On the evening of the tenth of May we reached the estuary near the head of which is Yokohama and further on is Tokyo. For at least two hours we steamed past a low-lying shore line before we came in sight of the sweep of steep cliff to the southward which forms the great outer harbour.
There was just one thing that we could really look at; one insistent, dominant point in the landscape which caught us and held us fascinated—Fujiyama. I had seen Fujiyama on screens and fans and porcelains all my life, but I had no conception of it. For one half hour this “Queen of Mountains”—rightly called—rising thirteen thousand feet out of sheer sea-level, perfect in form, snow-capped, majestic, blazed for us against the western sky. Then a cloud curtain fell—and the sun went down.
As we steamed up close to the breakwater in the grey light of late evening we could see nothing but the dark outlines of many ships and a long row of substantial looking buildings, under high arc lights, stretching along a wide, waterfront street which I was afterward to know as The Bund.

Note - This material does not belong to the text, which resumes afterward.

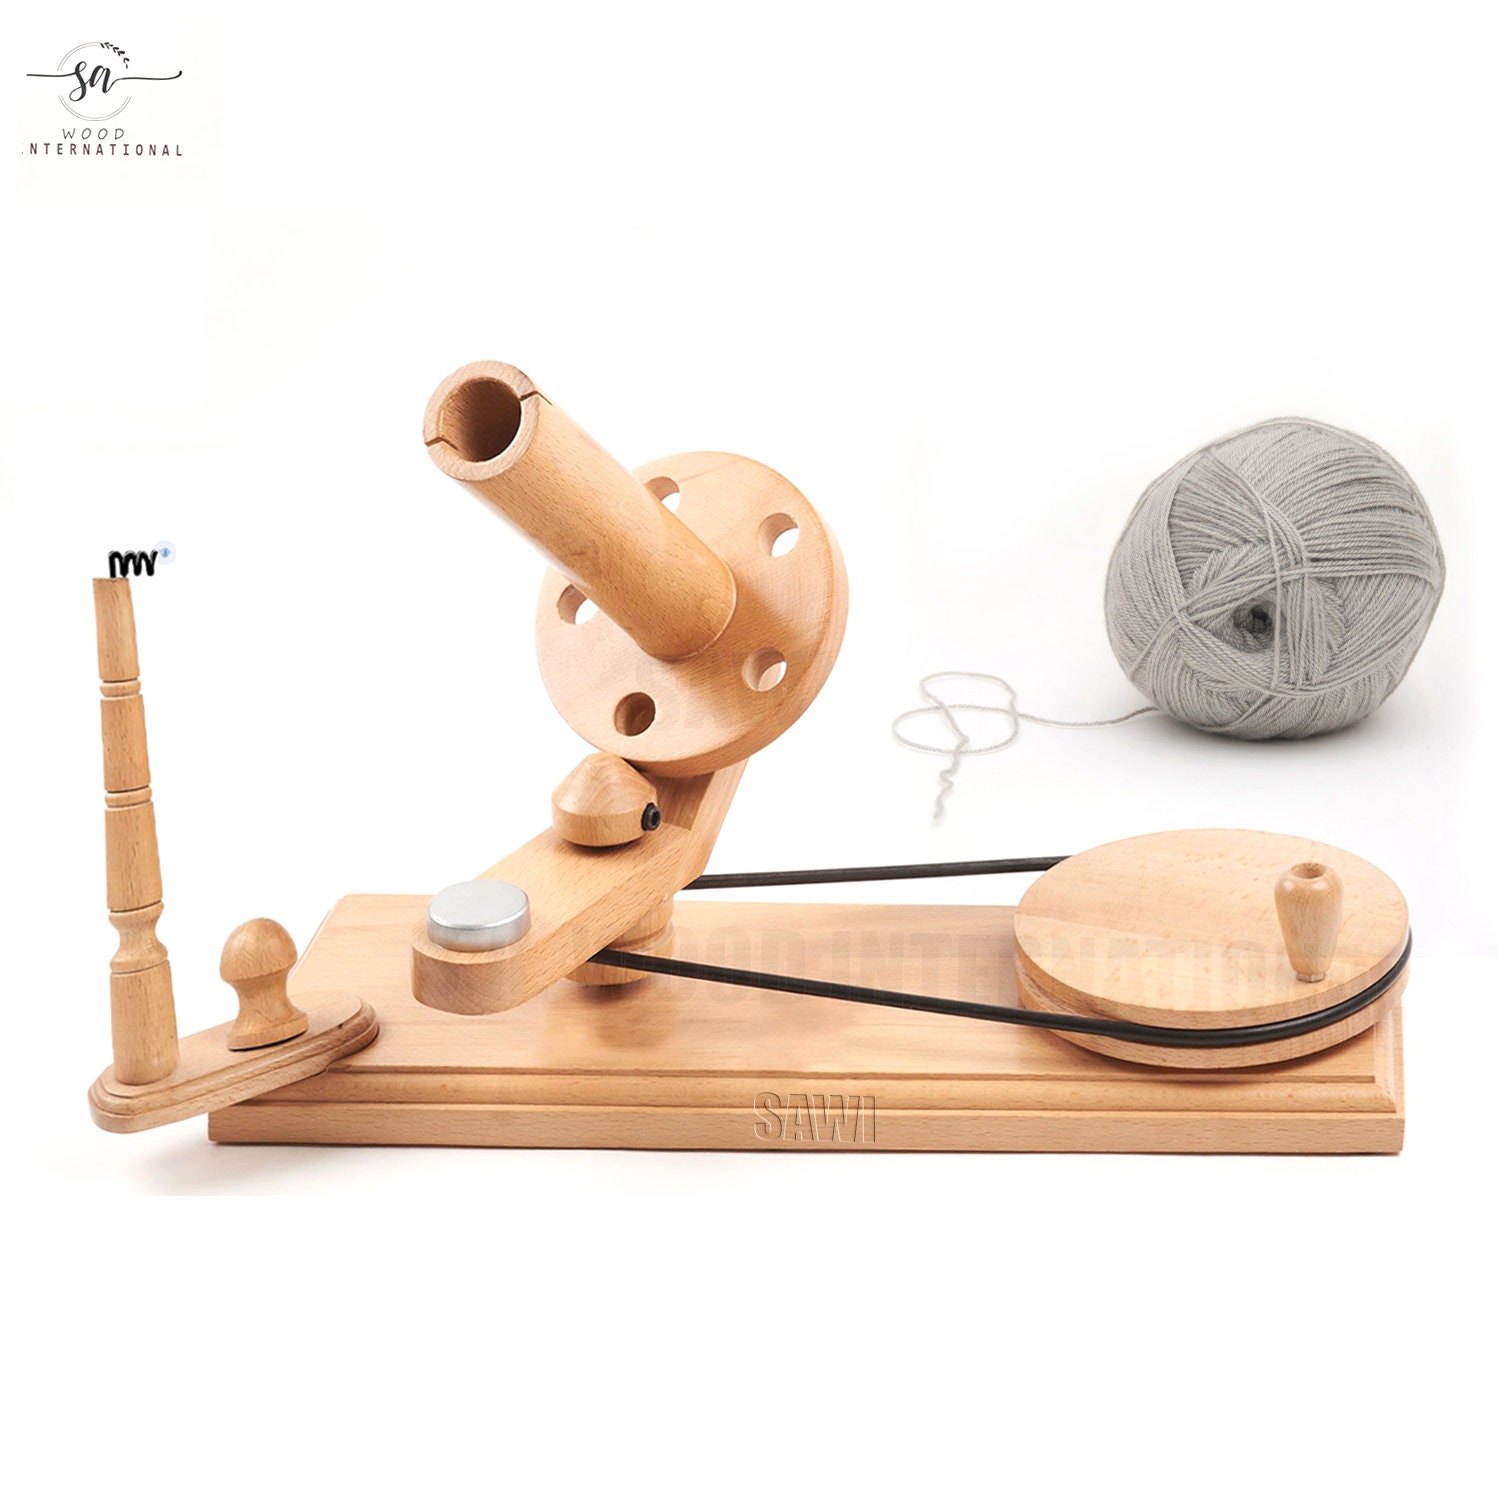 BLUE DUTCH Wooden Yarn Winder for Knitting and Crocheting Standard

We wanted to go ashore, but it was not possible. We had to lie outside the breakwater and wait for the doctors to come aboard. “Wait for the doctors to come aboard;” how familiar that proceeding becomes to the traveller among the ports of the East, and especially, of Japan. You arrive at Yokohama and are examined there; you go just around the bend of the coast line and arrive at Kobe and you are examined there; you go on through the Inland Sea to Nagasaki and again you are examined. Wherever you arrive in this land of much caution you must “wait for the doctors to come aboard.”